# Using the row position in an sapply function

This question is about `sapply` accessing the row number, of the row it's working on. I'm trying to use sapply (or whatever apply is applicable) instead of a loop. However, I need knowledge of which row I am working on during the `apply`. I can rewrite this, but I would like to do it with an apply function.

Finance: In a recombining binomial tree u >1, and d=1/u are multipliers to a stock price. To find the price at time n, you multiply: time zero price, u^#movements up, d^#of movements down. #down+#up=n

``````s_t = function(s_tm, tree_path, move_ratio, u_or_d ='u'){
u.z = move_ratio
if (u_or_d == 'd') { u.z = 1/move_ratio }
ud_coeff = u.z ^ (tree_path[1]-tree_path[2])
s_tm * ud_coeff }
``````

This `s_t` will be the `FUN` function fed to `sapply`. the variable `tree_path` is a tuple/vector (#up,#down). For any time t, they always sum to the same number.
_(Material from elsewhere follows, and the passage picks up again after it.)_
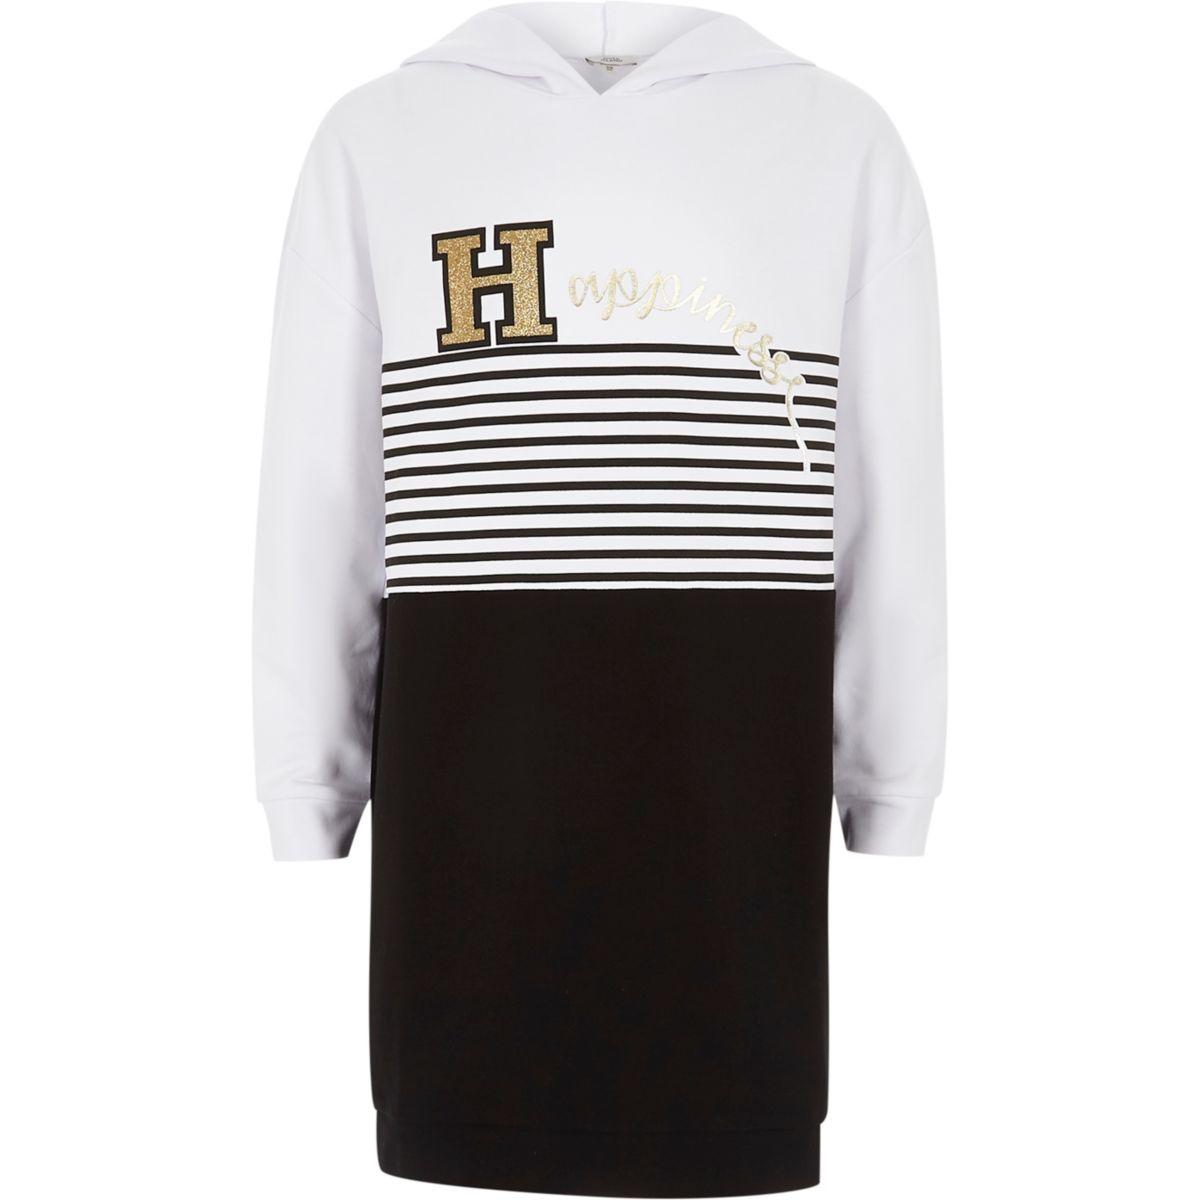 Girls black stripe 'happiness' hoodie dress

However, I need #up and #down to change for each node in the tree.

Example: S0 = 100, u=1.25 d=1/u=0.8, t=3. Return the 4by1 matrix representing possible stock prices at time 3 (i.e. return S3)

``````S0 = 100; S1 = [125, 80]; S2=[156.25, 100, 64]; S3 = [195.3125, 125, 80, 51.2]
``````

I would like to get S3, by calling sapply on an empty matrix, using `s_T` as the function to apply

``````prices = matrix(data=0, nrow =4, ncol=1)
stock_at_time_n = sapply(X = prices,
FUN = s_t, tree_path= (ROW#, LENGTH(prices) - ROW#),
move_ratio=1.25)
``````

Result should be

``````[195.3125, 125, 80, 51.2]
``````

Not concerned if it's a matrix, vector, etc at the moments, as I can just morph it with `as.Whatever_I_want()`

What is the correct notation for `tree_path= (ROW#, LENGTH(prices) - ROW#)` such that I can get the S3 output?

On Best Solutions

In general to access the index of an R object in an `sapply` loop you would use `seq_along`. Something like:

``````sapply(X = seq_along(prices),
FUN = function(i) {
s_t(s_tm=100,
tree_path= c (i,length(prices)-i),
move_ratio = 1.25)
})
``````

Or really the way you are using `sapply` you could just use `1:n`, where `n = 4` in your case. Thanks and good luck!